By studying this chapter, you should be able to do the following:

1. Discuss the factors that determine the effectiveness of a physiological test of athletic performance.

2. Define “specificity of $V˙O2$ max.”

3. Explain the difference between $V˙O2$ max and $V˙O2$ peak.

4. Discuss the physiological rationale for the assessment of the lactate threshold in the endurance athlete.

5. Describe methods for the assessment of anaerobic power.

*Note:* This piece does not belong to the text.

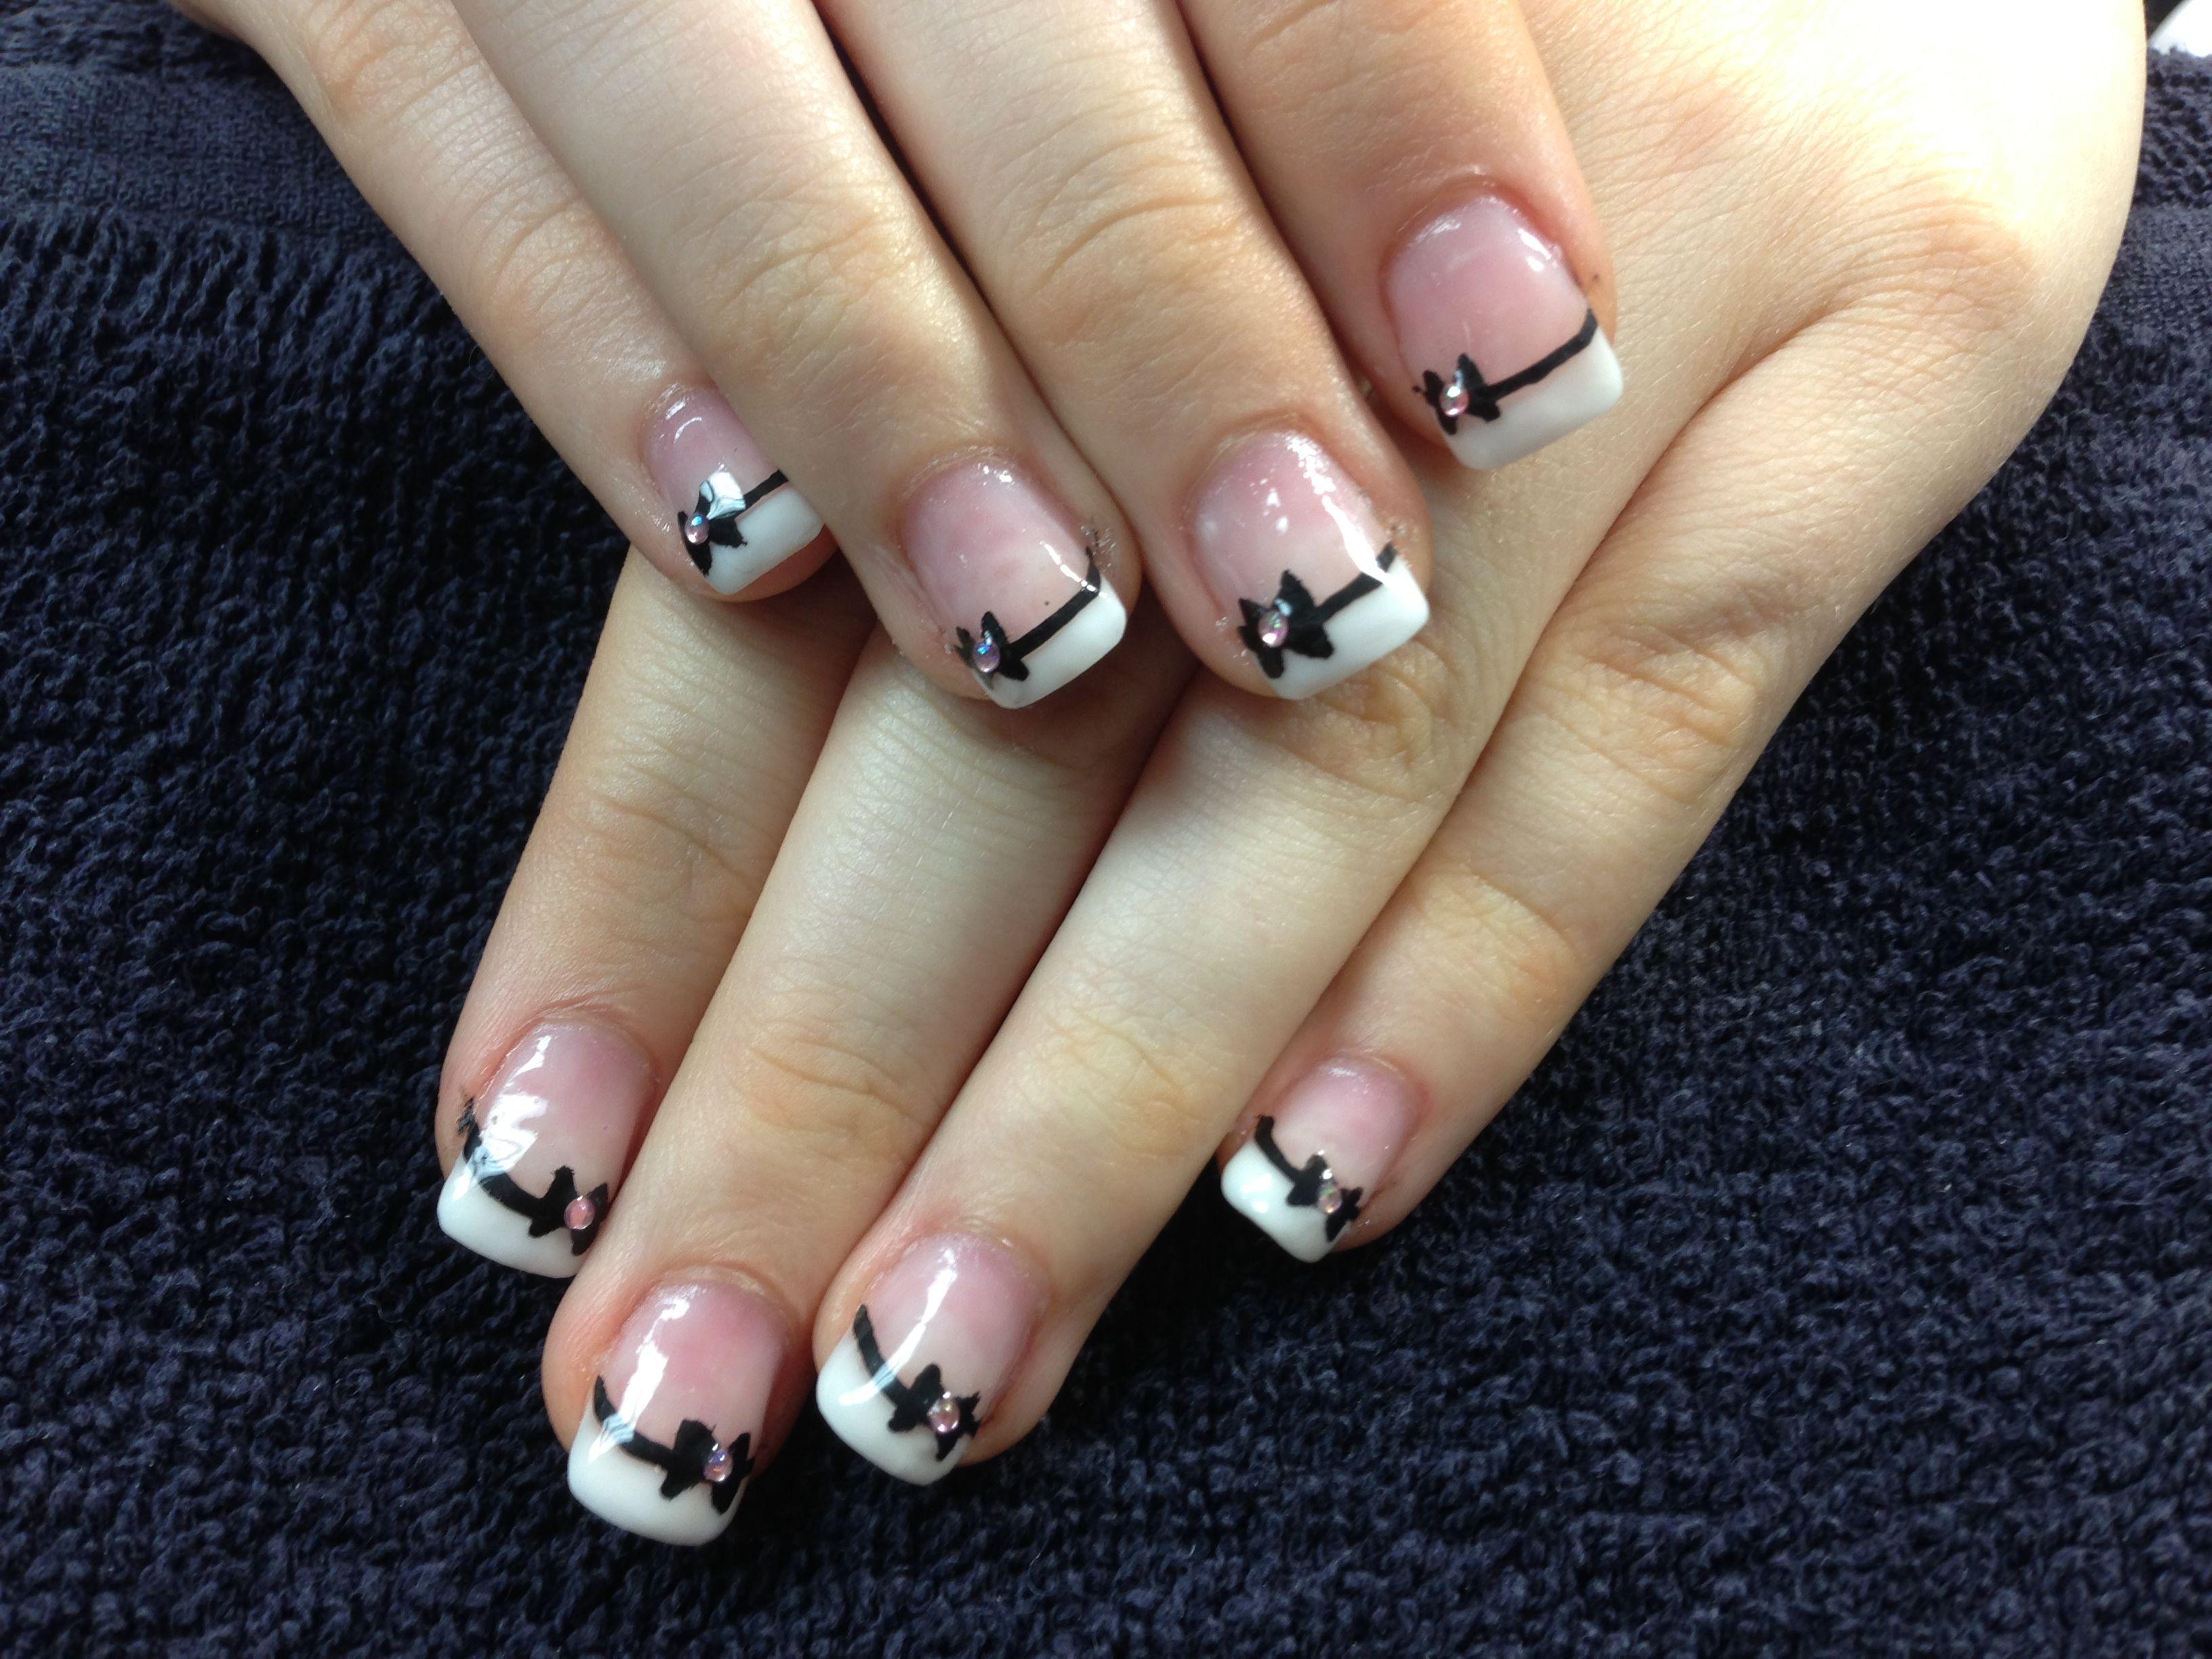 Kiaras nails bow tie gel nail art nails pinterest gel kiaras nails bow tie gel nail art prinsesfo Choice Image
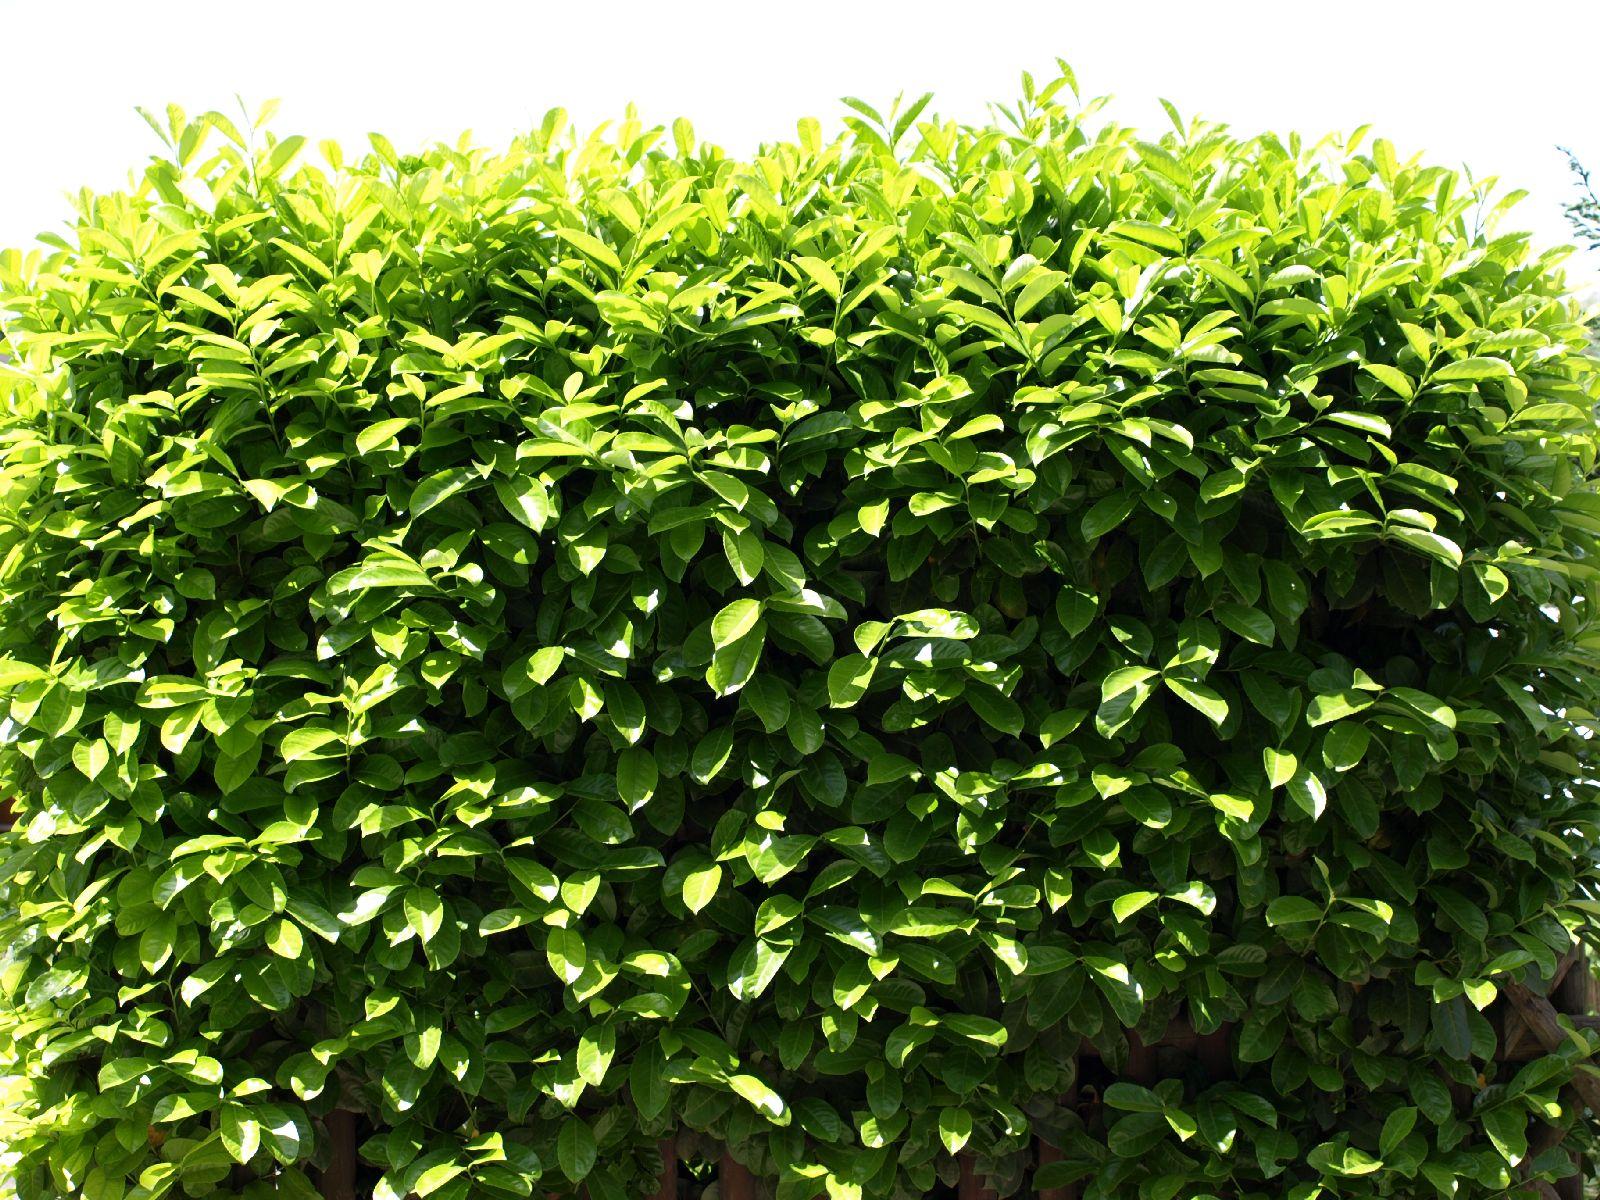 Pflanzen-Hecken-Foto_Textur_B_P6013231

6. Discuss the techniques used to evaluate muscular strength.

### OUTLINE

• Laboratory Assessment of Physical Performance: Theory and Ethics 460

• What the Athlete Gains by Physiological Testing 460

• What Physiological Testing Will Not Do 461

• Components of Effective Physiological Testing 461

• Direct Testing of Maximal Aerobic Power 462

• Specificity of Testing 462

• Exercise Test Protocol 462

• Determination of Peak $V˙O2$ in Paraplegic Athletes 464

• Laboratory Tests to Predict Endurance Performance 464

• Use of the Lactate Threshold to Evaluate Performance 464

• Measurement of Critical Power 466

• Tests to Determine Exercise Economy 467

• Estimating Success in Distance Running Using the Lactate Threshold and Running Economy 468

• Determination of Anaerobic Power 469

• Tests of Ultra Short-Term Maximal Anaerobic Power 469

• Tests of Short-Term Anaerobic Power 471

• Evaluation of Muscular Strength 473

• Criteria for Selection of a Strength-Testing Method 473

• Isometric Measurement of Strength 473

• Free-Weight Testing of Strength 474

• Isokinetic Assessment of Strength 474

• Variable-Resistance Measurement of Strength 475

### KEY TERMS

critical power

dynamic

dynamometer

isokinetic

power test

Quebec 10-second test

Wingate test

### INTRODUCTION

In general, there have been two principal approaches to the assessment of physical performance: (1) field tests of physical fitness and performance, which include a variety of measurements requiring basic performance demands, and (2) laboratory assessments of physiological capacities such as maximal aerobic power ($V˙O2$ max), anaerobic power, and exercise economy. It can be argued that physical fitness testing is important for an overall assessment of general conditioning, particularly in terms of evaluating student progress in a conditioning class (1, 68). However, the use of these test batteries does not provide the detailed physiological information needed to assess an athlete’s level of conditioning or potential weaknesses. Therefore, more specific laboratory tests are required to provide detailed physiological information about performance in specific athletic events. This chapter will discuss tests designed to measure physical work capacity and performance in athletes. Specifically, much of this chapter will focus on both laboratory and field tests to evaluate the maximum energy transfer capacities discussed in Chaps. 3 and 4. The performance tests described in this chapter differ from the exercise tests described in Chap. 15 in several ways. Recall that the exercise tests described in Chap. 15 were targeted toward assessing cardiorespiratory ...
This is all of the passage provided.